Task to complete - Without the pictures, print the lines from the one holding "charcoal on paper, 33" through the last line below, both included, exactly as they stand.

[Stored items from a collection]
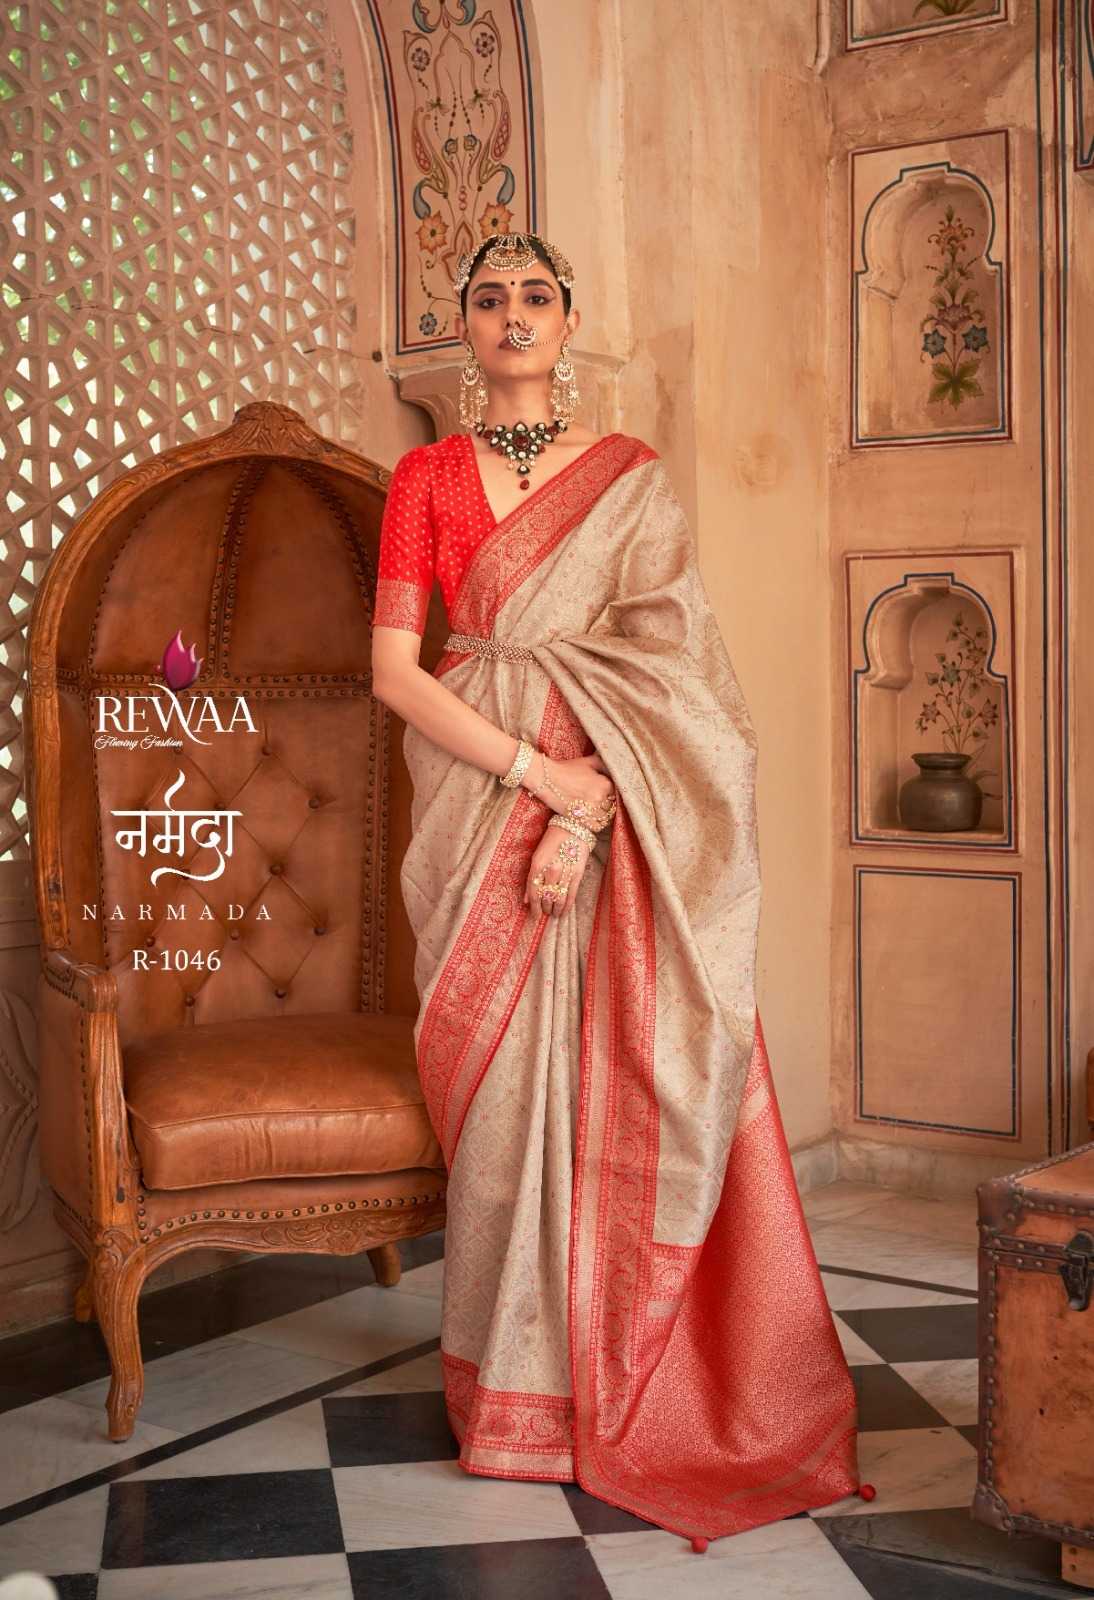 rewaa narmada 1046-1050 designer traditional wear banaras silk elegant saree
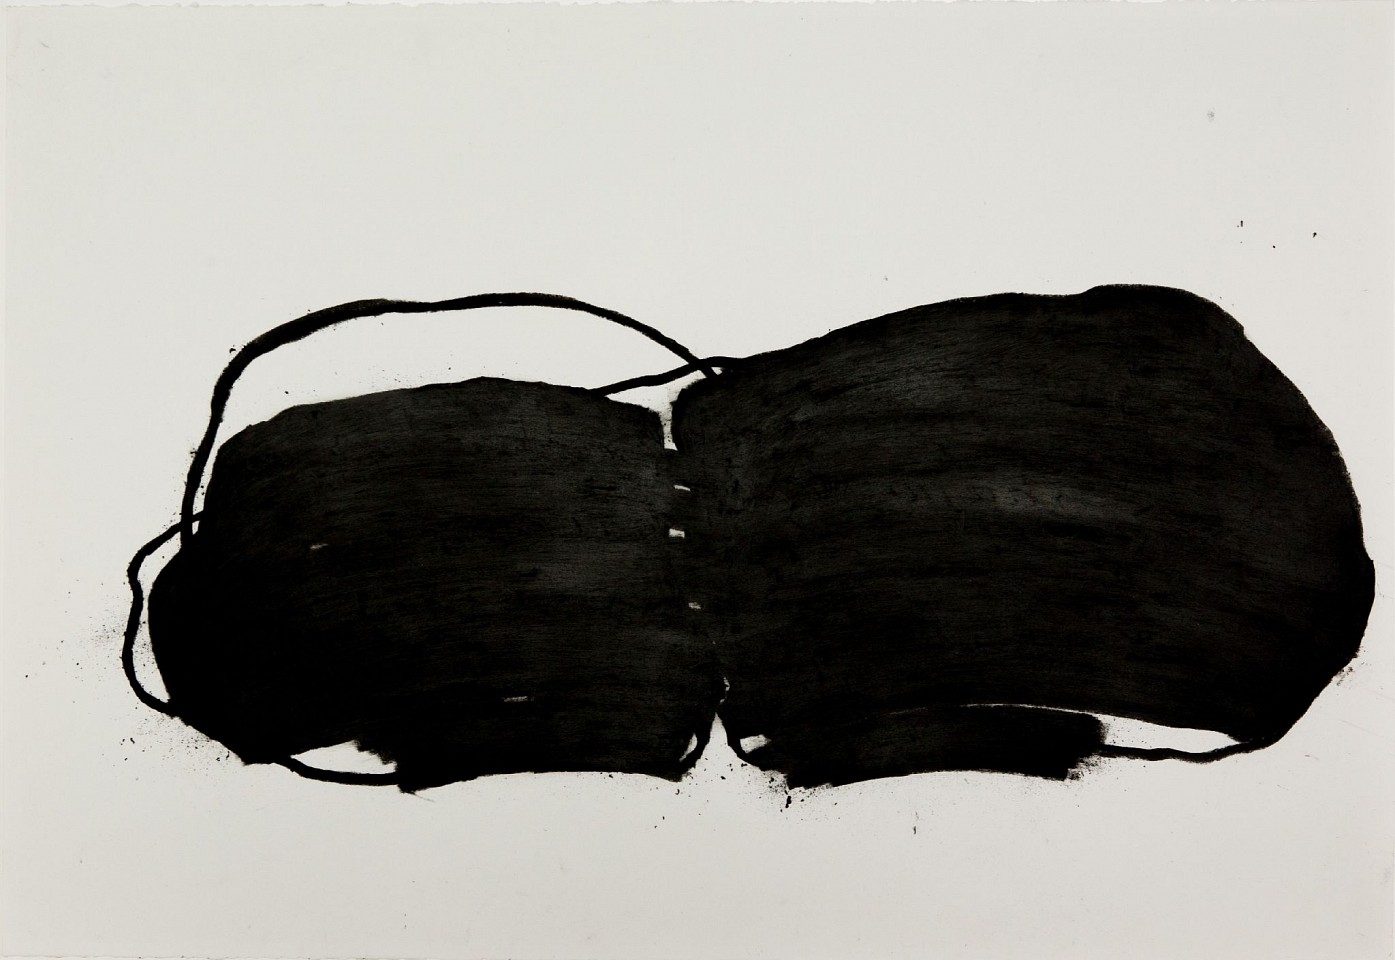 UDO NÖGER, Alles 20, 2019
charcoal on paper, 33 x 47 in. (83.8 x 119.4 cm)
NU-C-0200
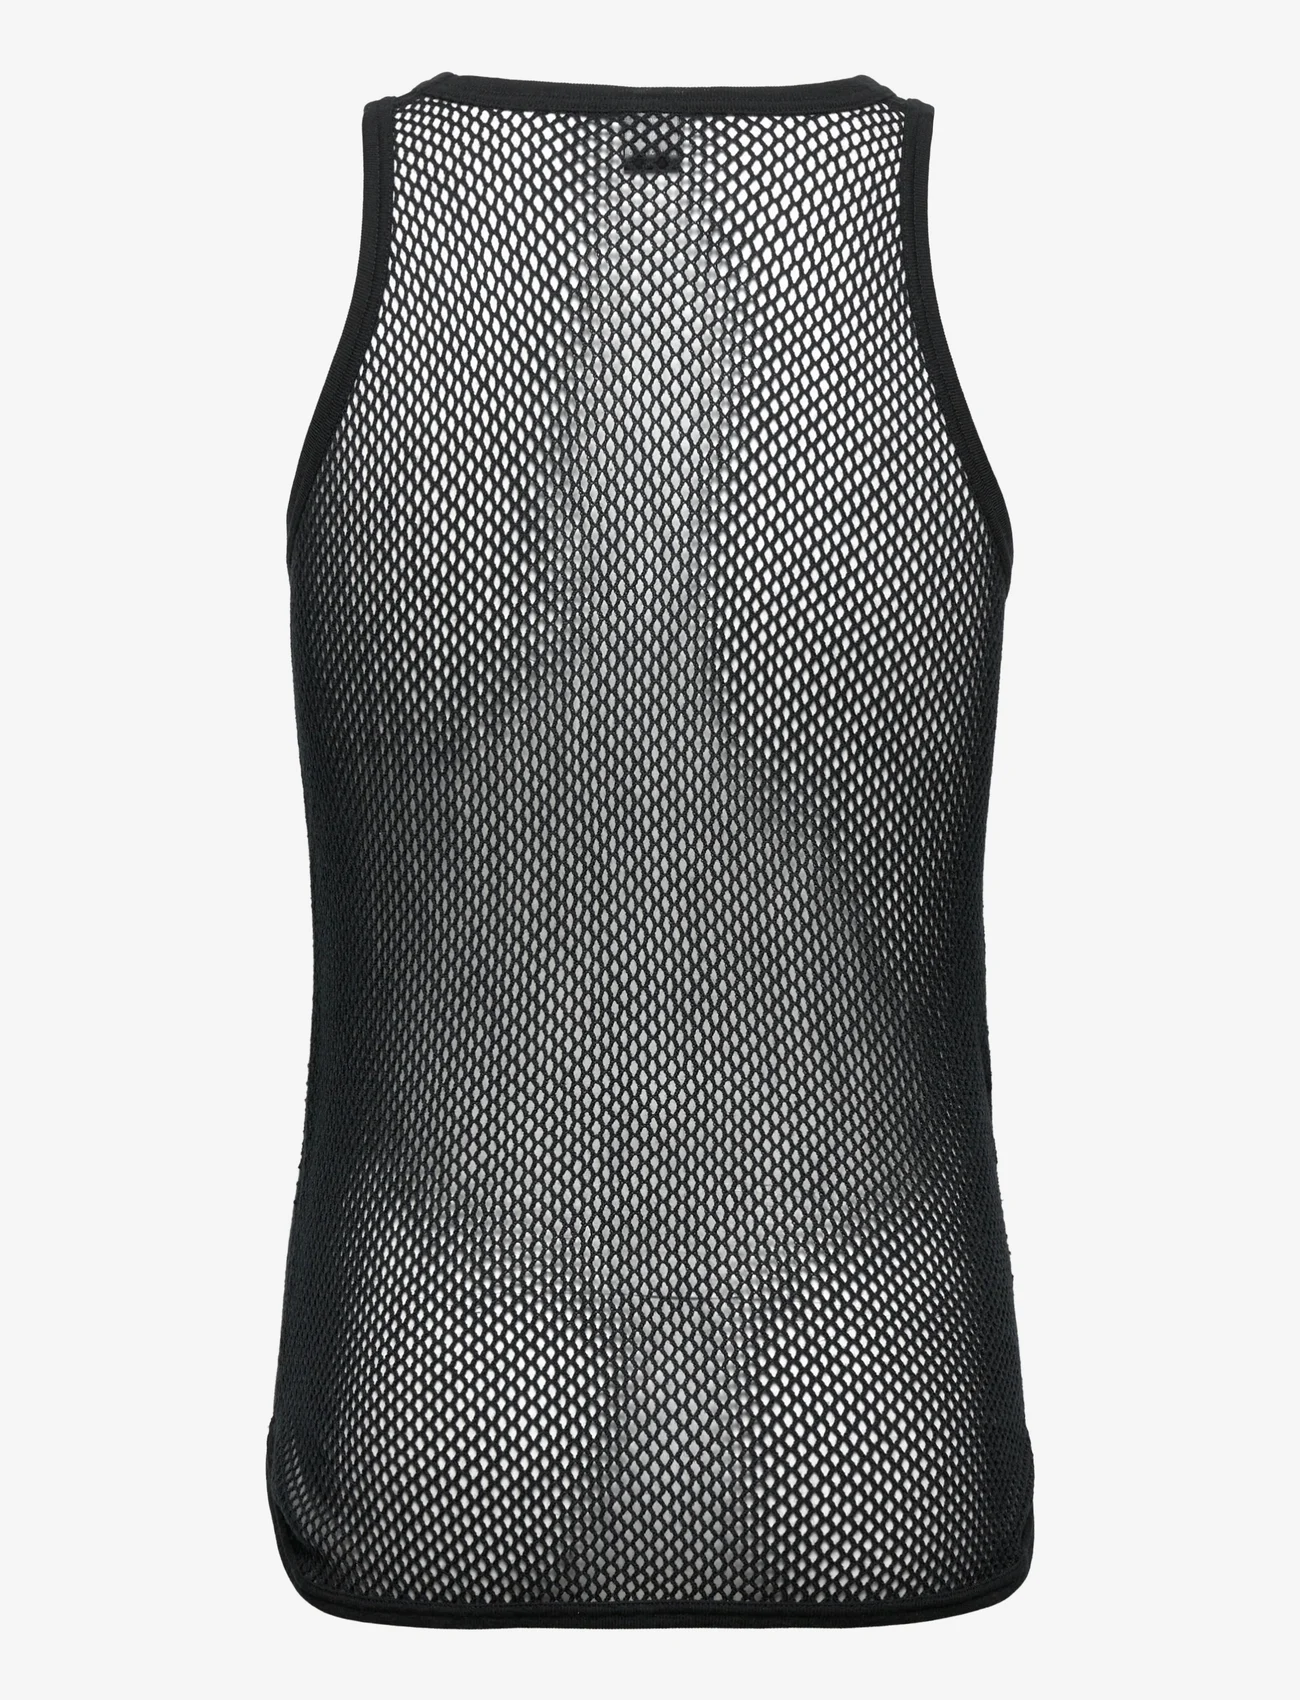 Dovre - DOVRE wool mesh tank top - pyjama tops - black - 1

Exercise solution -
charcoal on paper, 33 x 47 in. (83.8 x 119.4 cm)
NU-C-0200
 Dovre - DOVRE wool mesh tank top - pyjama tops - black - 1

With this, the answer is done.